In fulfilling our responsibility to conduct an independent review of the weight of the evidence (see CPL 470.15 [5]; People v Danielson, 9 NY3d 342 [2007]), we nevertheless accord great deference to the jury's opportunity to view the witnesses, hear the testimony, and observe demeanor (see People v Mateo, 2 NY3d 383, 410 [2004]; People v Bleakley, 69 NY2d 490, 495 [1987]). Upon reviewing the record here, we are satisfied that the verdict of guilt was not against the weight of the evidence (see People v Romero, 7 NY3d 633 [2006]). The complainant testified that he looked at the defendant for 30 to 40 seconds from a close distance in well-lit conditions when he first encountered the defendant in the apartment building, and the complainant's in-court identification of the defendant as the burglar was unequivocal (see People v Antonelli, 6 AD3d 543, 543 [2004]; People v Toro, 192 AD2d 685, 685 [1993]). We see no reason to disturb the jury's resolution of the discrepancies and inconsistencies between the identification testimony of the complainant and his statements to the police (see People v Reid, 82 AD3d 1268, 1269 [2011]; People v Jean-Marie, 67 AD3d 704, 704 [2009]; People v Monroe, 30 AD3d 616, 618 [2006]).

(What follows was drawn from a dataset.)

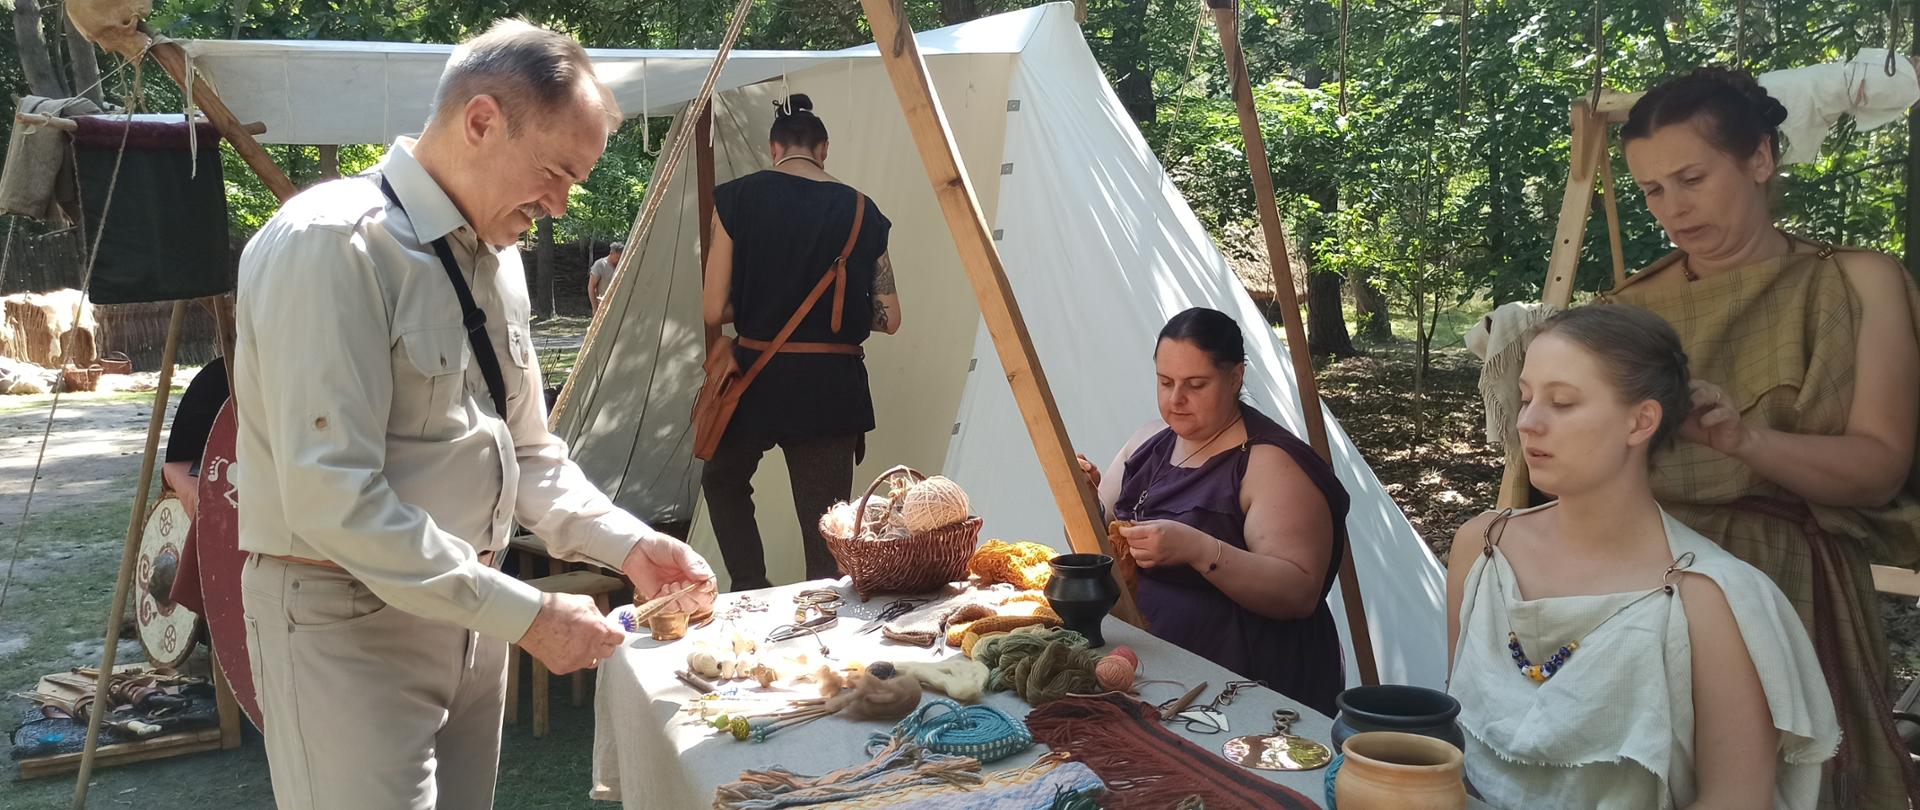 III Ostrowiecki Festiwal Kultury Prehistorycznej i Antycznej przeszedł do historii
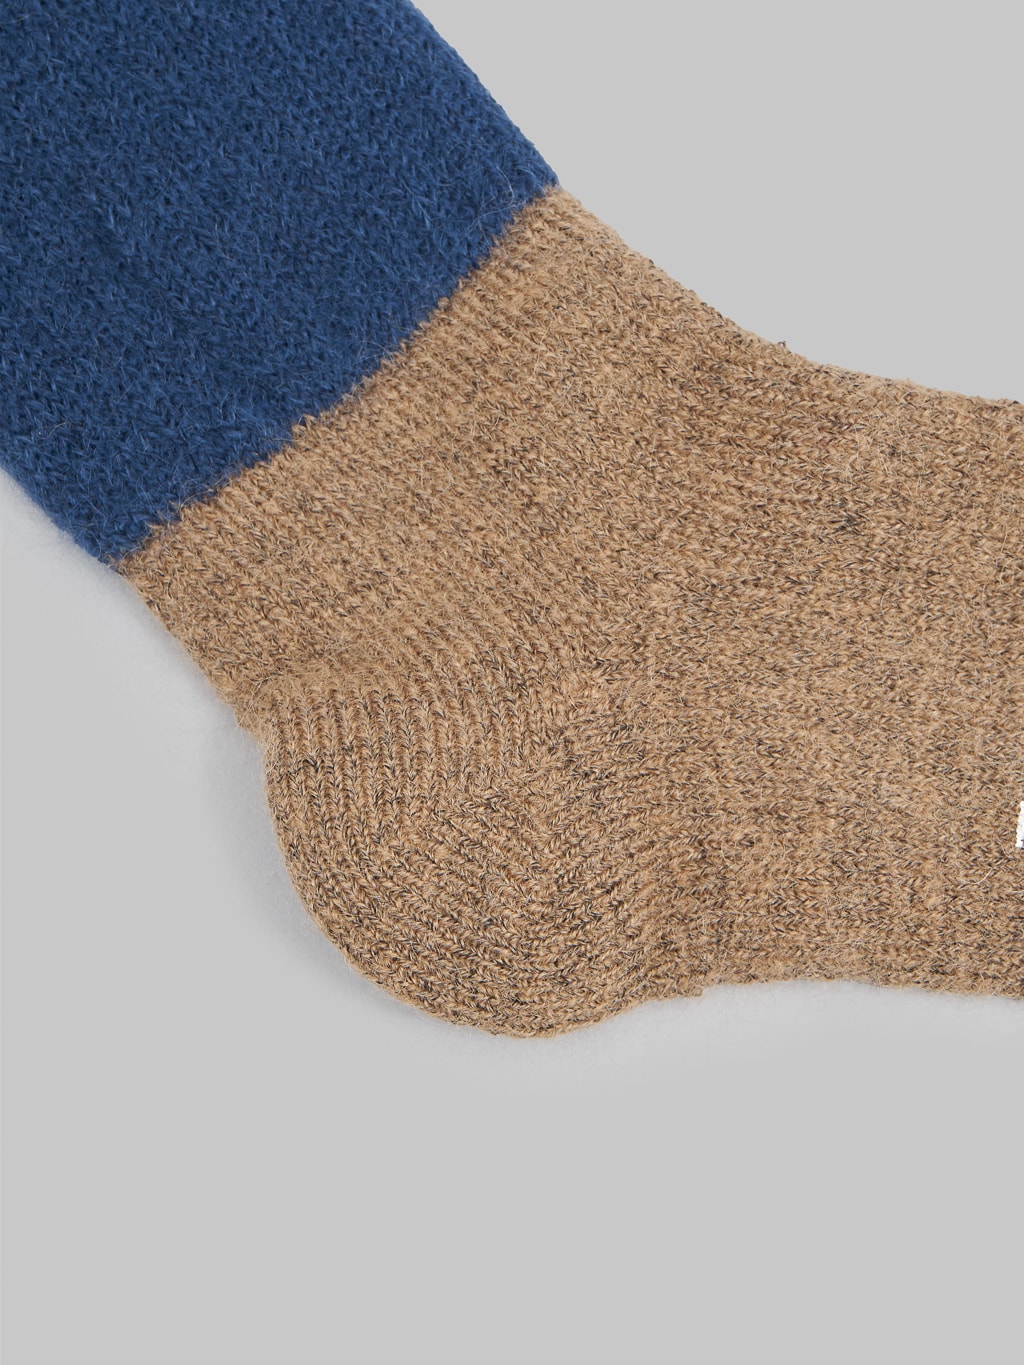 Nishiguchi Kutsushita Mohair Wool Pile Socks Navy Texture

The defendant's contention that certain comments made by the prosecutor during summation deprived him of a fair trial is unpreserved for appellate review, as the defendant failed to raise any objections during the prosecutor's summation (see CPL 470.05 [2]; People v Katehis, 117 AD3d 1080, 1081 [2014]). In any event, although some of the prosecutor's remarks were improper (see e.g. People v Ross, 112 AD3d 972, 973 [2013]), those remarks did not deprive the defendant of a fair trial, and any other error in this regard does not require reversal under the circumstances (see People v Crimmins, 36 NY2d 230, 239, 242 [1975]; People v Affser, 309 AD2d 812, 813 [2003]). Scheinkman, P.J., Dillon, Leventhal and Miller, JJ., concur.